Setting reverts after reboot	`/proc/sys/kernel/io_uring_disabled` back to `0`	Audit rules show io_uring_setup calls succeeding again	Ensure the sysctl config file is in `/etc/sysctl.d/` (persistent) rather than set via `sysctl -w` (runtime only). Verify with `sudo sysctl -a
Container runtime upgrade removes io_uring from default seccomp profile	New containers can call io_uring_setup successfully	`ausearch -k io_uring_usage` shows new processes using the interface after an upgrade	Pin your seccomp profile as a `Localhost` profile under `/var/lib/kubelet/seccomp/profiles/` and reference it explicitly in pod specs. Do not depend on `RuntimeDefault` alone.

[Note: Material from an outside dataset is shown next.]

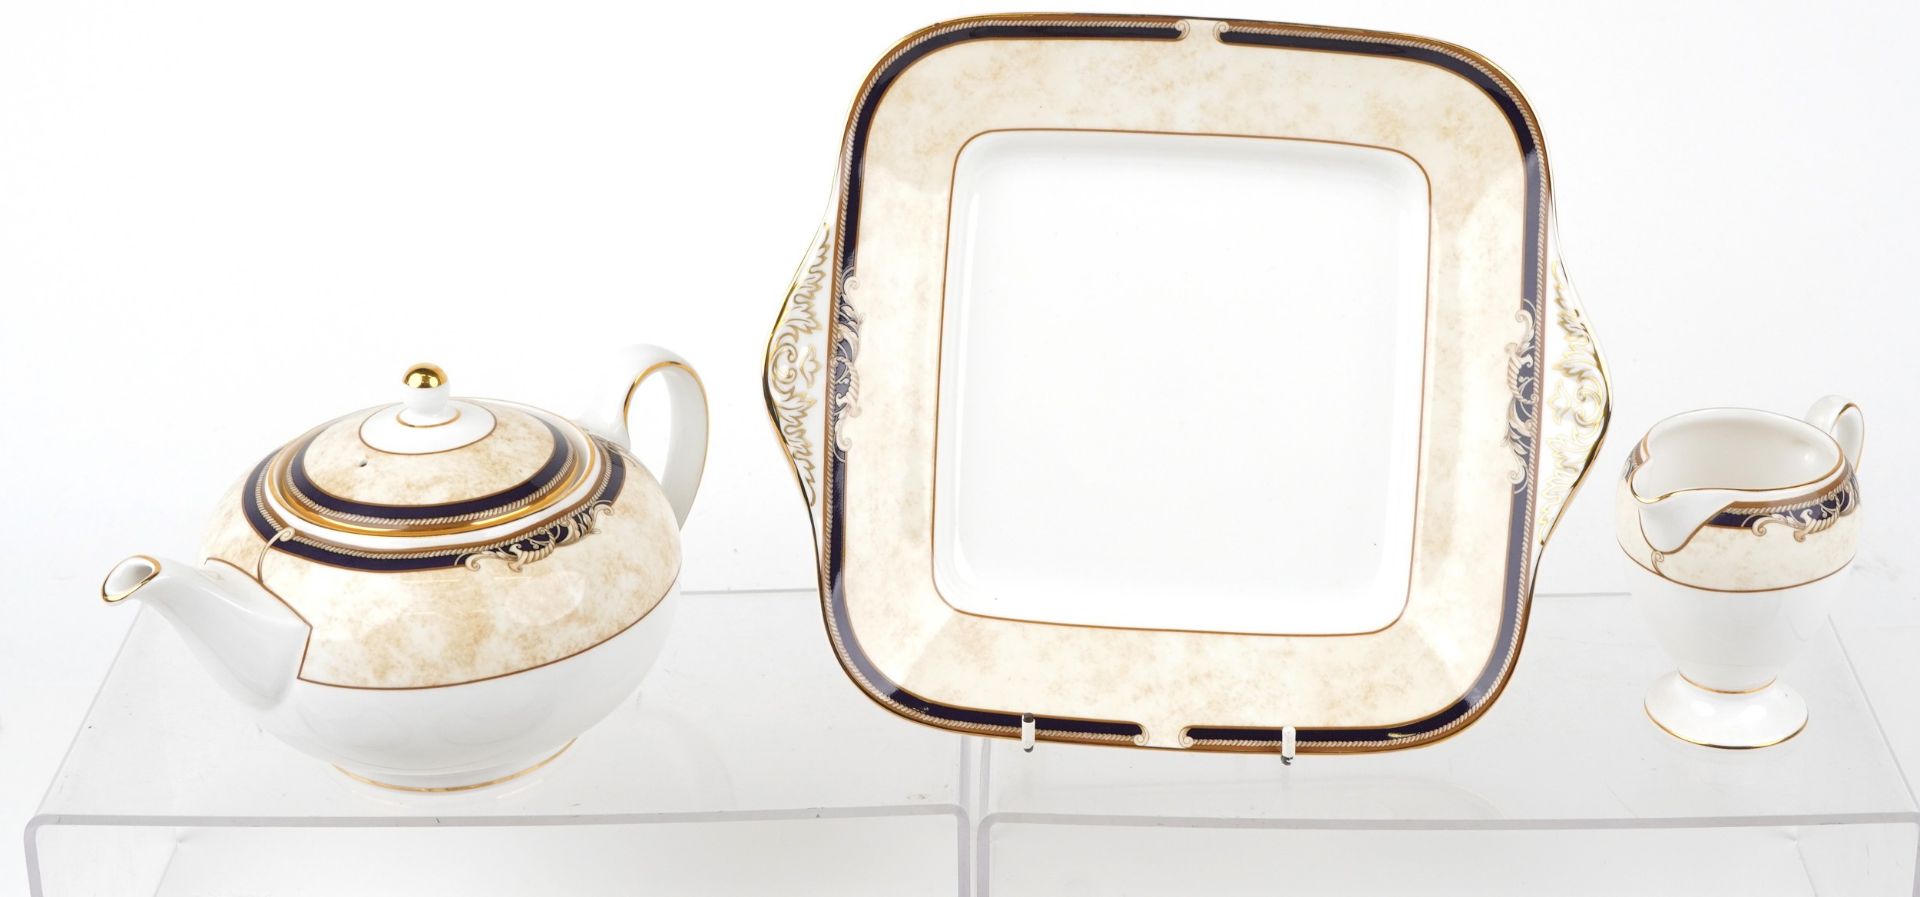 Wedgwood Cornucopia dinner and teaware, predominantly as new, comprising teapot, milk jug, sugar - Image 2 of 4

Exploit in io_uring code despite restrictions	Kernel panic, unexpected privilege escalation	Node abruptly reboots; security scanner flags new root processes	Keep kernels current. CVEs in io_uring are patched quickly by upstream and distros. Subscribe to your distro’s security advisory list. Disabling (Option 1) is the only reliable mitigation until patches land.
IORING_REGISTER_RESTRICTIONS bypass via opcode not covered	A legal opcode ends up doing something unexpected	Audit logs show unusual file access by the restricted process	Review the opcode list before each kernel upgrade. New opcodes (e.g., `IORING_OP_FTRUNCATE` added in 6.5, `IORING_OP_BIND`/`LISTEN` added in 6.11) appear regularly and must be added to deny restrictions.